Когда вы говорите «Никого нет дома», что вы имеете в виду? Кого нет дома?

 

Того ощущения существования отдельного «я», ин­дивидуума, отделенной автономной независимой сущ­ности.

 

Значит, отдельного «я» больше нет дома?

Да, хотя я склонен говорить, что больше нет этого ощущения существования отдельного «я», потому как отдельное «я» как таковое никогда не существовало, его никогда там не было, оно было только идеей, причем ошибочной.

 

Эго?

 

Я склонен приравнивать эго к ощущению отдельно­го «я», да. Другие, возможно, подразумевают под эго что-то еще.

 

Но некоторые учителя говорят, что эго остается, только трансформируется и становится «безопасным».

То, о чем вы говорите, напоминает аналогию Раманы Махарши со сгоревшей веревкой. Он говорил, что эго мудреца подобно сгоревшей веревки: она безопасна, по­скольку не может быть более использована, чтобы дер­жать кого-либо на привязи к самсаре. Некоторые учите­ля подхватывают это и продолжают: хотя веревка сгоре­ла, она по-прежнему на месте. Но на самом деле она по-прежнему на месте не как веревка. Эго остается не как эго, не как ощущение отдельного «я». То, что остает­ся, есть видимость: различные формы функционирова­ния в инструменте тела-ума. Но это функционирование не складывается в отдельную сущность. И никогда не складывалось.
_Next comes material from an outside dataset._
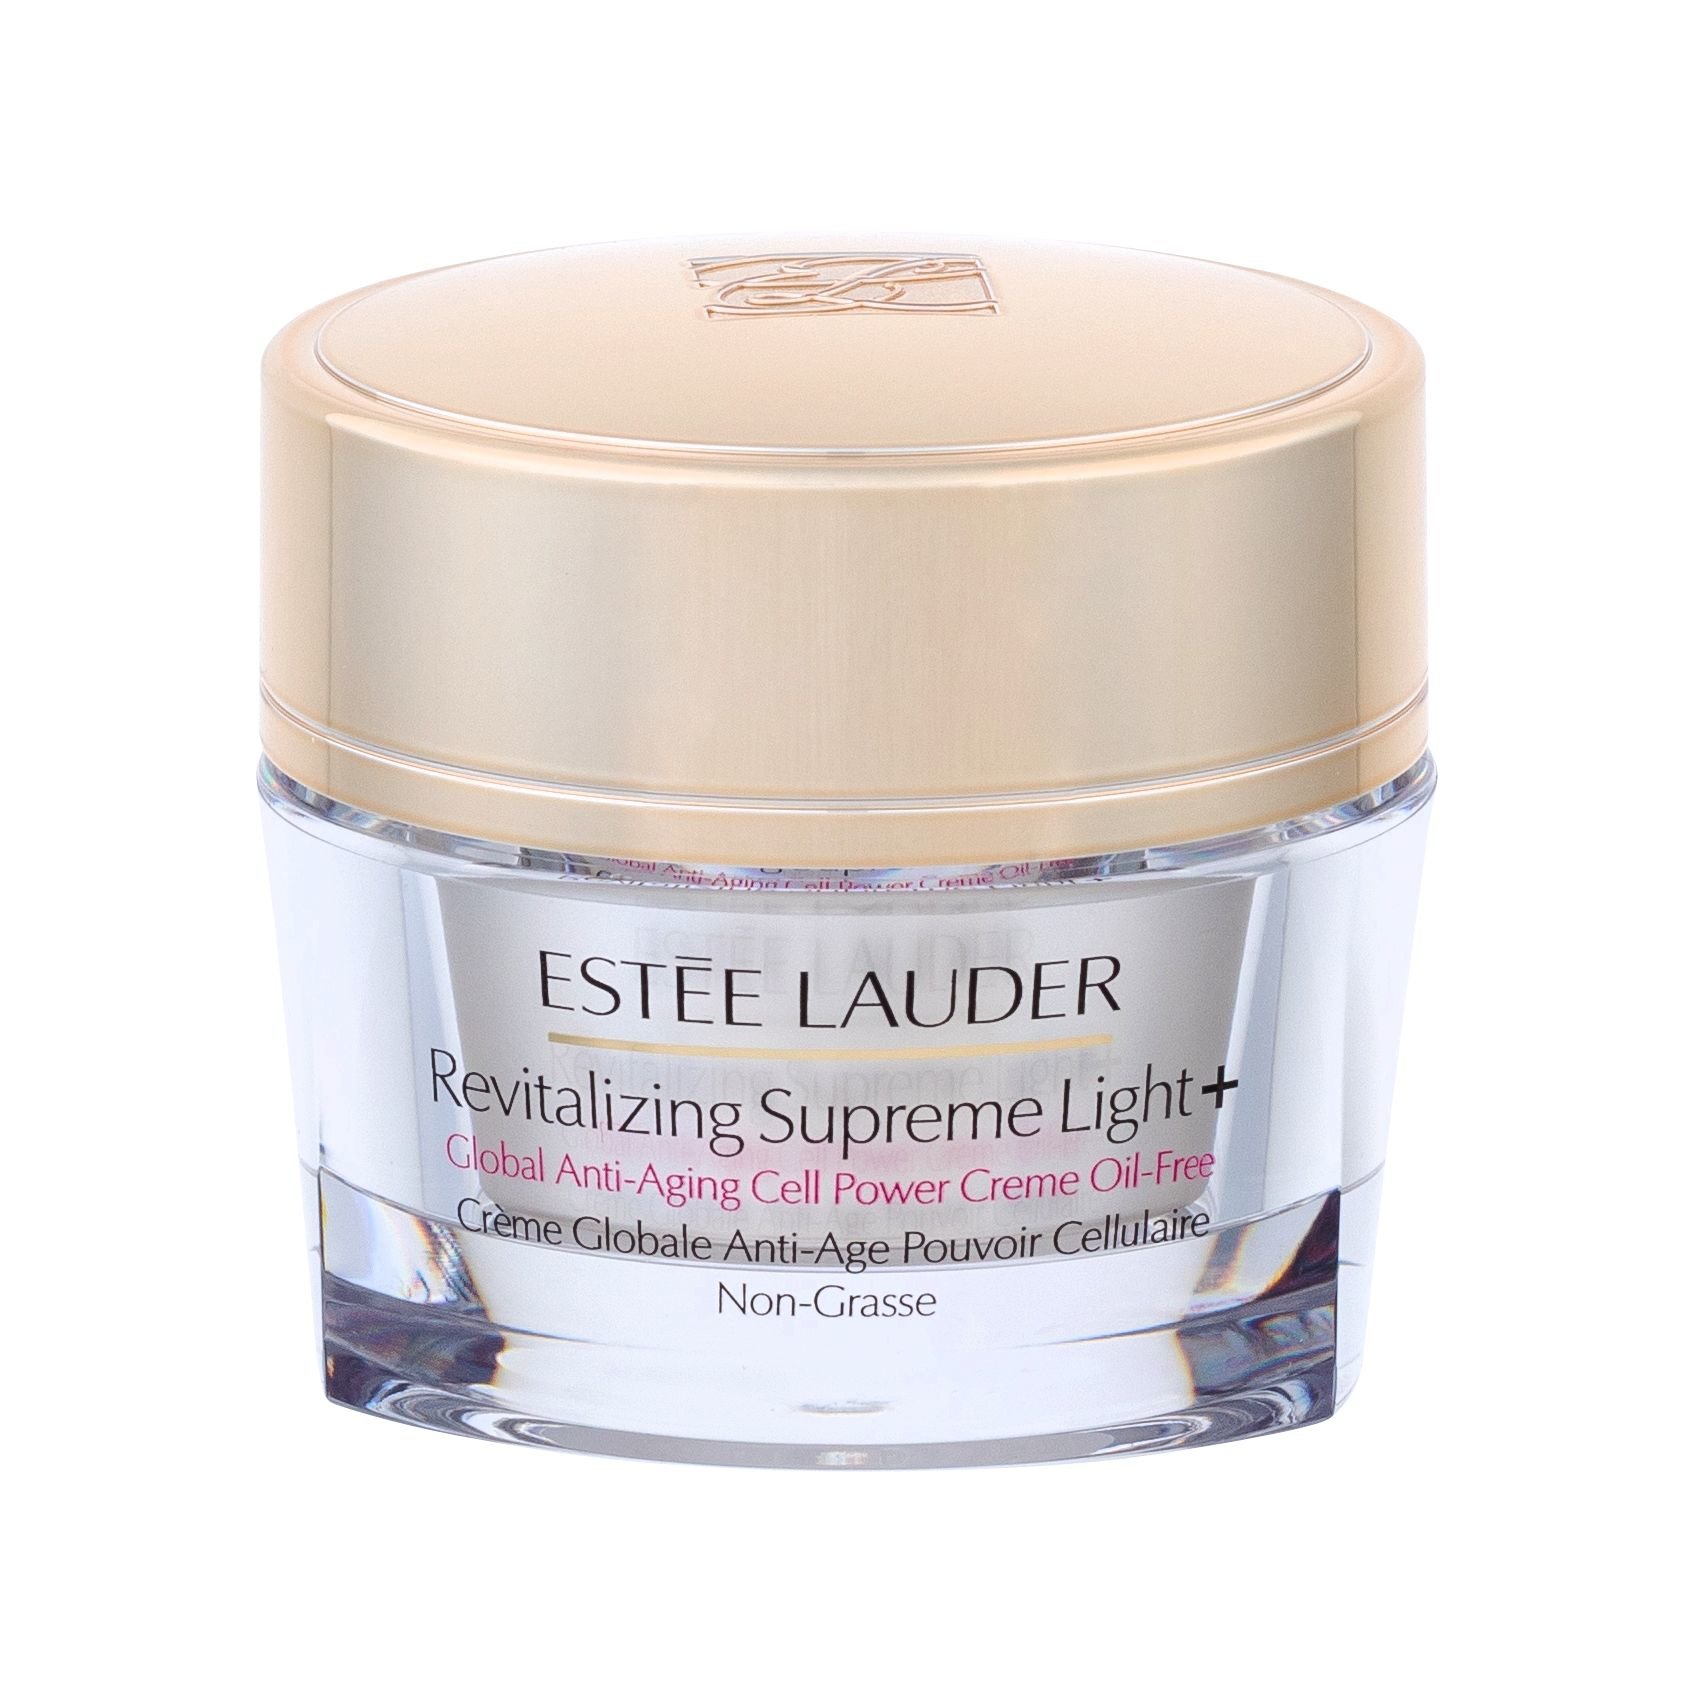 Esteé Lauder Revitalizing Supreme Light+ Global Anti-Aging Cell Power Creme Oil-Free 30ml dieninis kremas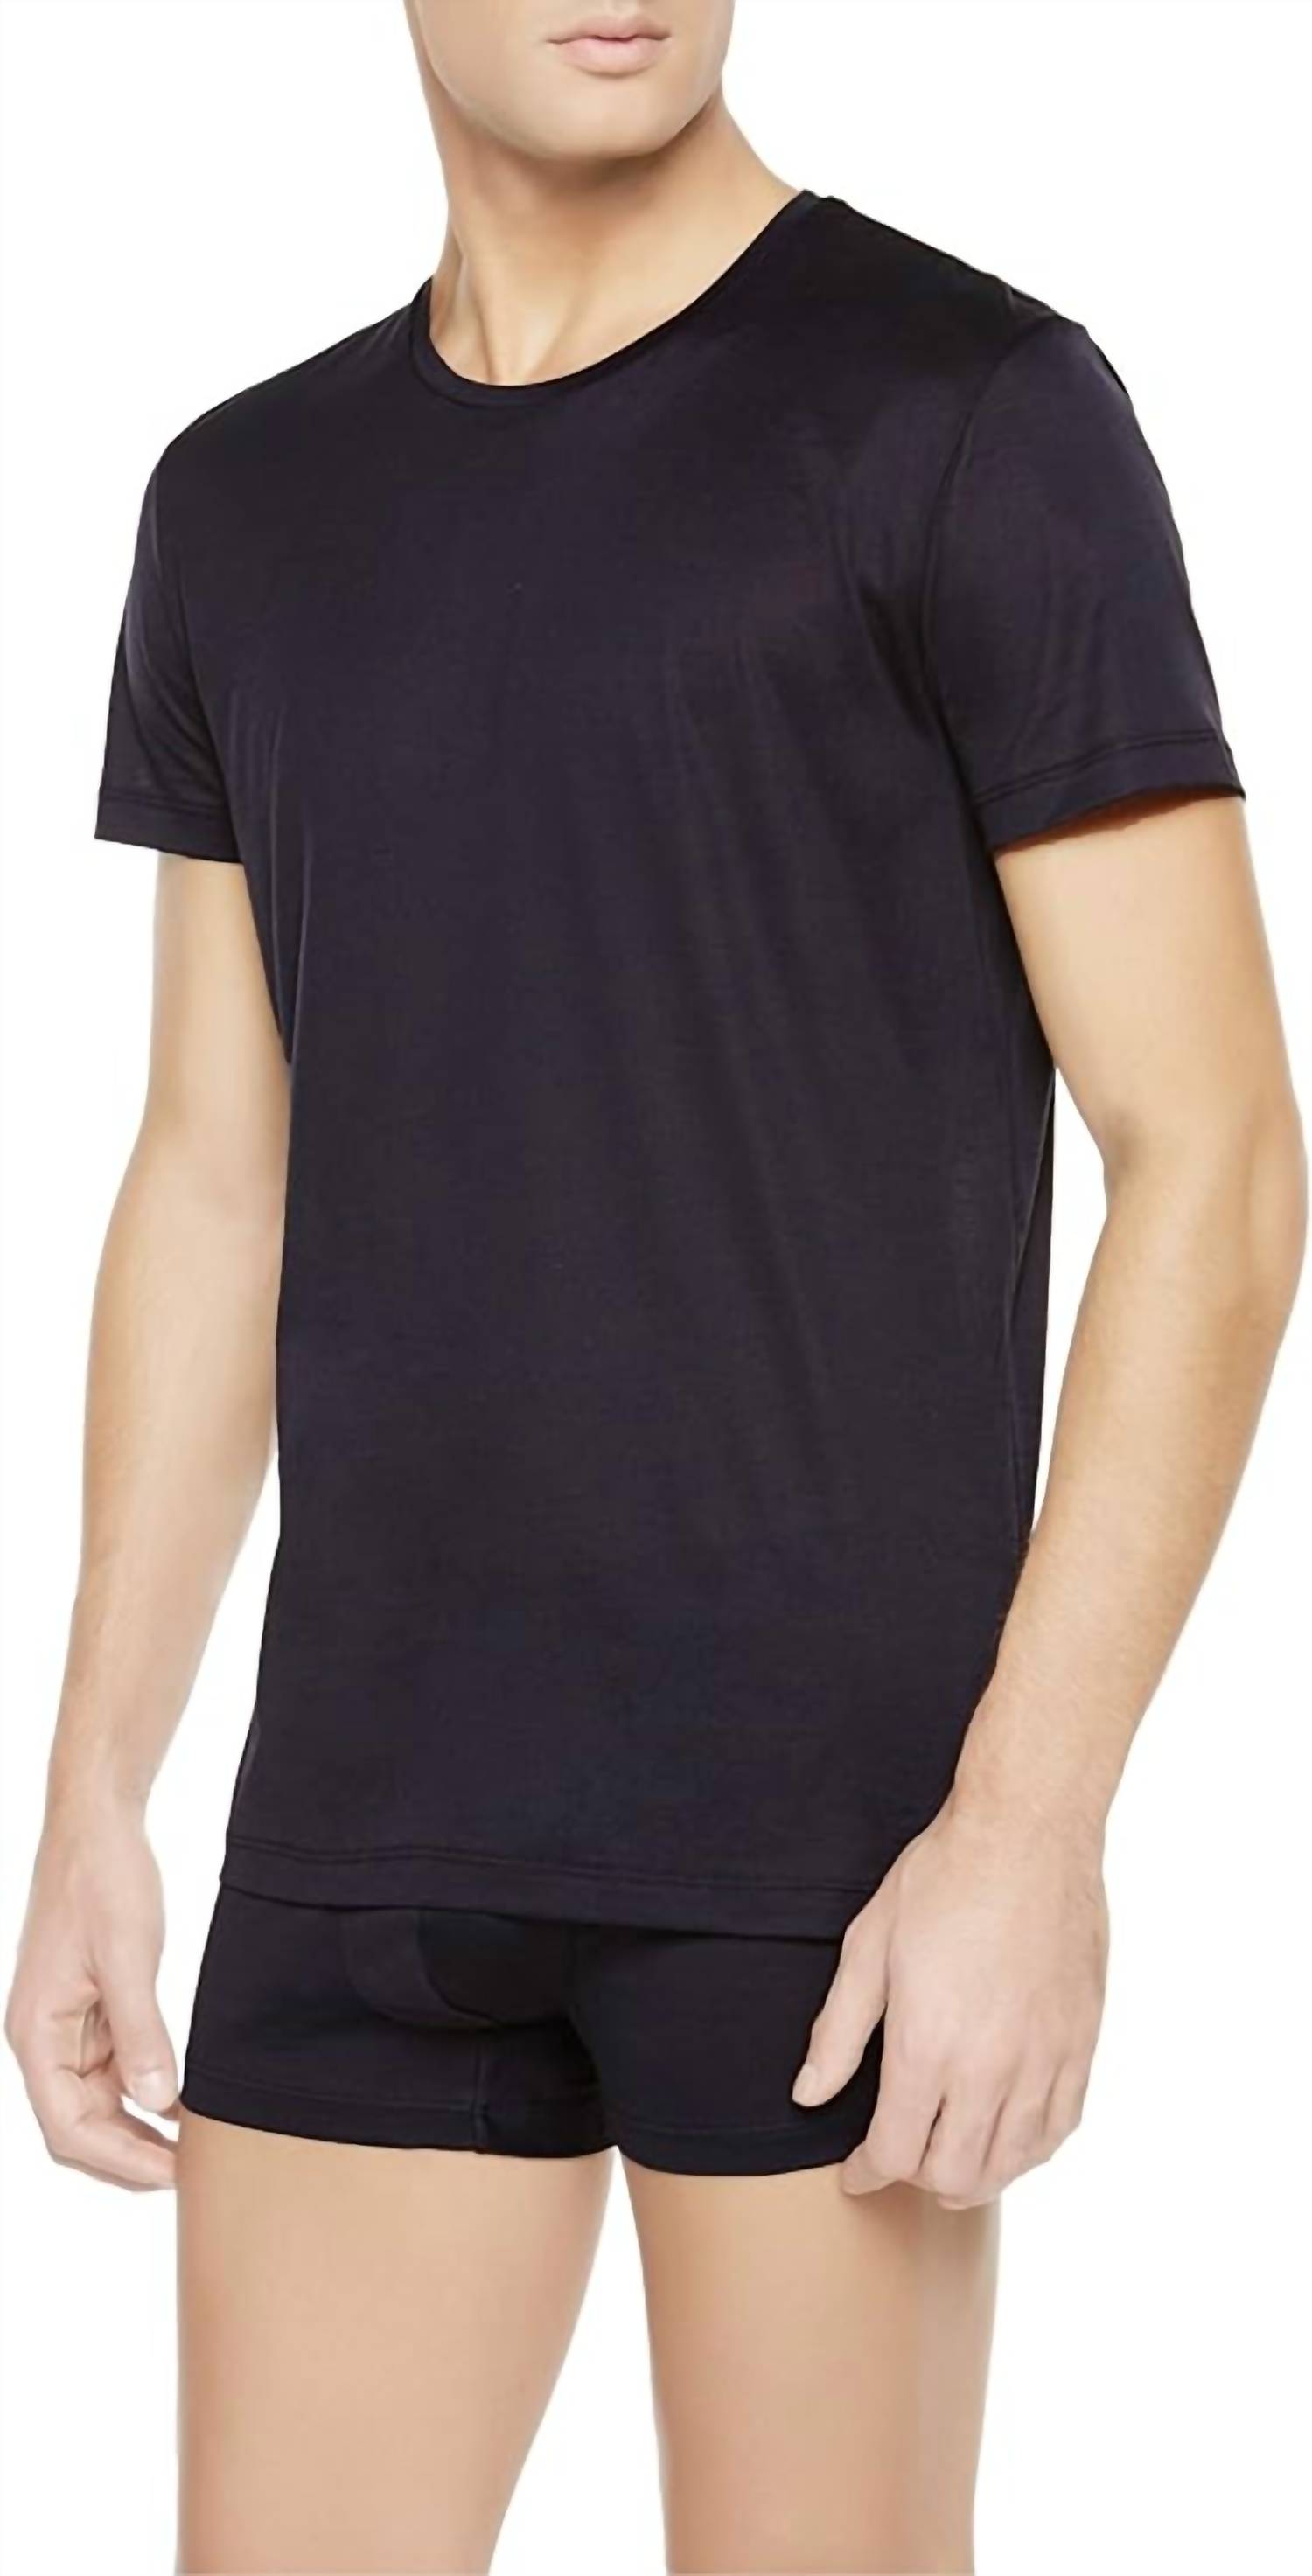 Nero Perla Elegance Short Sleeve Crew Neck T-Shirt In Black

Собственно, вам когда-либо доводилось испытывать опыт сгоревшей веревки? Это еще одно из иносказаний земледельческого периода, которое может показаться несколько сложным для восприятия в современном ми­ре. Феномен сгоревшей веревки — вещь весьма экстра­ординарная. Когда мне было двенадцать, на ферме сго­рел сарай с инструментами. И когда я вместе с отцом разбирал обуглившиеся остатки, выуживая из них инст­рументы и металлические предметы, то наткнулся на нечто похожее на сложенную кольцами манильскую ве­ревку, которую мы использовали на ферме для работ вроде валки деревьев.

Я был удивлен, что она осталась цела в огне, но ког­да попытался взять ее в руку, пальцы погрузились в пы­левидный пепел без всякого сопротивления. Веревка из манильской пеньки, или сезали, обладает особен­ностью выгорать полностью, оставаясь при этом лежать пеплом на том же самом месте, сохраняя видимость це­лой веревки. В этом смысл образа, использованного Махарши: то, что остается, — вовсе не веревка («эп»), а просто похоже на нее! Только видимость веревки, но не она сама!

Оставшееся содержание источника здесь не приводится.